Title : Green synthesis of SnO2@Cu(O,S) nanocomposite catalysts for reduction of Cr(VI) under dark condition
Abstract:
Applying a green technology approach to the synthesis of single phase, heterostructure, and composite heterogeneous catalyst nanomaterials for a wide range of applications in various research fields such as hydrogen generation, antibacterial activities, solar energy utilization, sensor technology, battery innovation, and advanced oxidation processes not only addresses pressing environmental concerns but also enhances synthesis precision, operational efficiencies, and cost-effectiveness. In this study, a novel method was employed using ginger (Zingiber officinale) extract as a highly effective nucleating agent to facilitate the precipitation of distinct materials including the wider bandgap SnO2 single-phase, the Cu(O,S) heterostructure, and the SnO2@Cu(O,S) composite nanomaterials. The formation of relatively large-sized SnO2 nanomaterials on the surface as well as between the smaller-sized Cu(O,S) nanoparticles played a crucial role in promoting electron delocalization across the boundary layer due to the intrinsic surface charge disparity between these blended nanomaterials. Electron transfer from the n-type SnO2 to the p-type Cu(O,S) nanoparticles crossing the boundary layer played a key role in the reduction of Cr(VI) to Cr(III) in the absence of light.

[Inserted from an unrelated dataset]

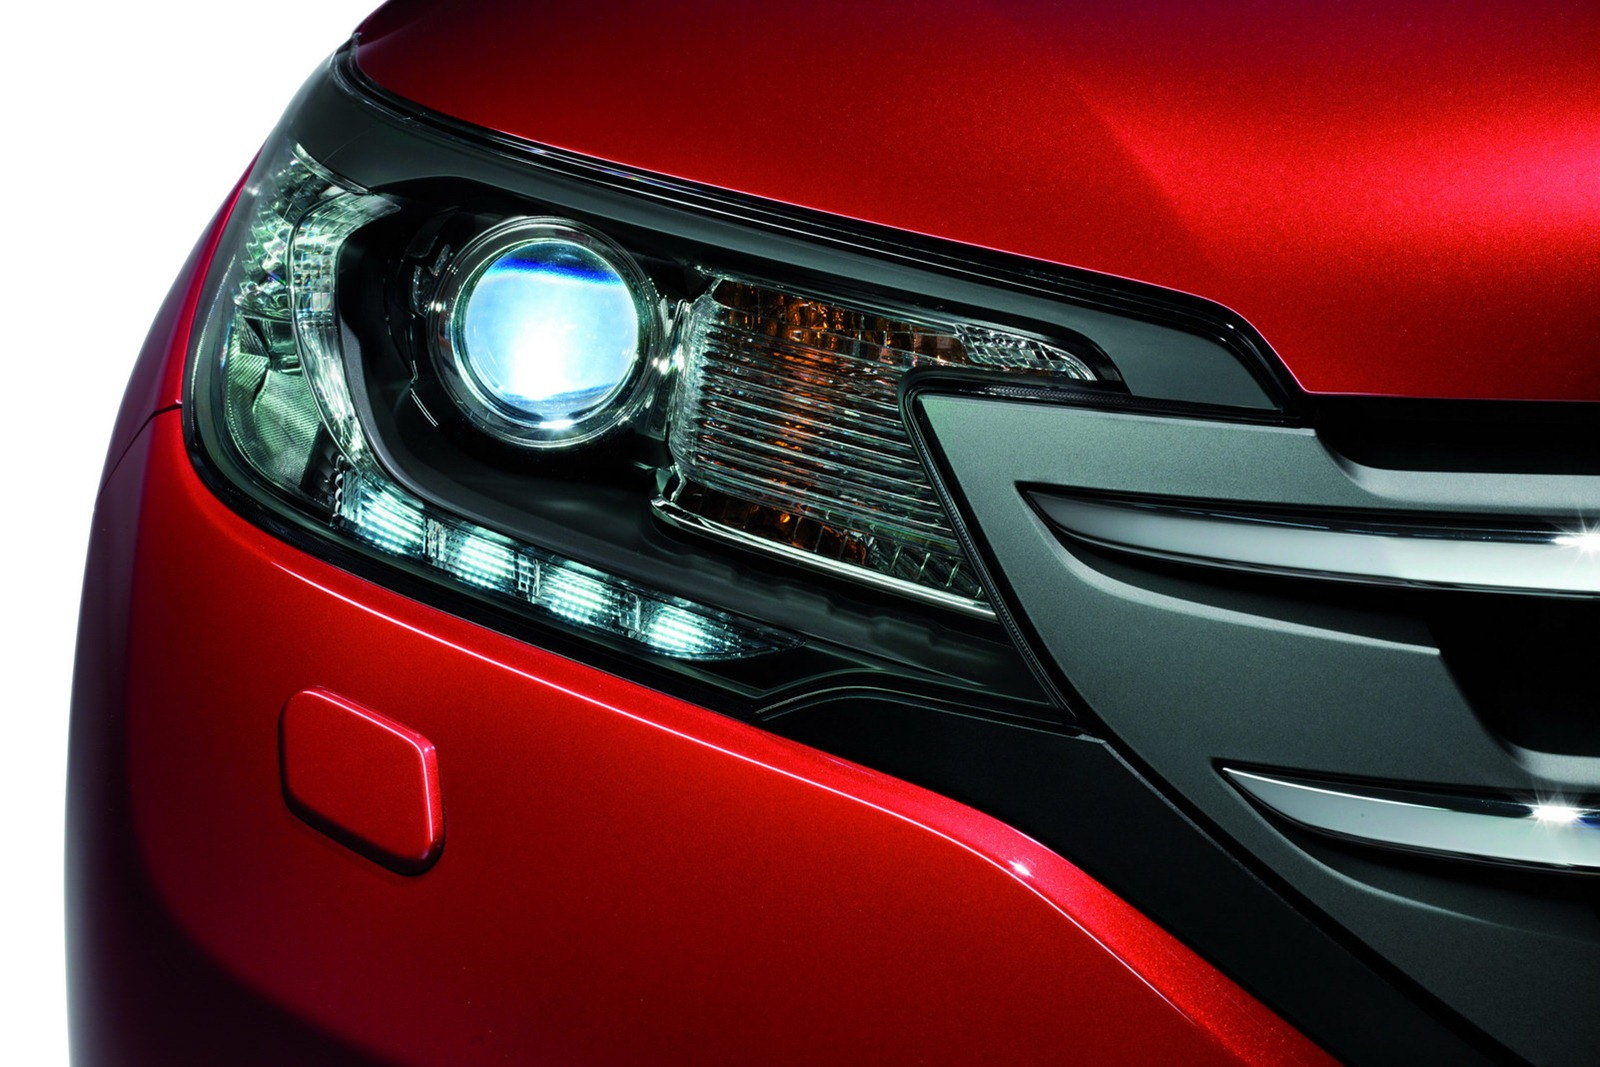 2013 CRV Honda

Through systematic investigations concerning different weight ratios of SnO2 and various operational parameters, the Cr(VI) reducing activities of these composite nanomaterials were thoroughly explored and optimized in this comprehensive research work.
Audience Take Away
- Green synthesis of SnO2@Cu(O,S) composite nanomaterials for faster reduction of Cr(VI) under dark conditions.
- A very facile, environmentally friendly and energy efficient synthesis method, which can also be used to produce other nanomaterials in different research fields.
- ???????The resulting nanomaterials can be expanded to other fields including battery technology, solar cells, antibacterial activities, and drug deliveries with controlled shapes, and others.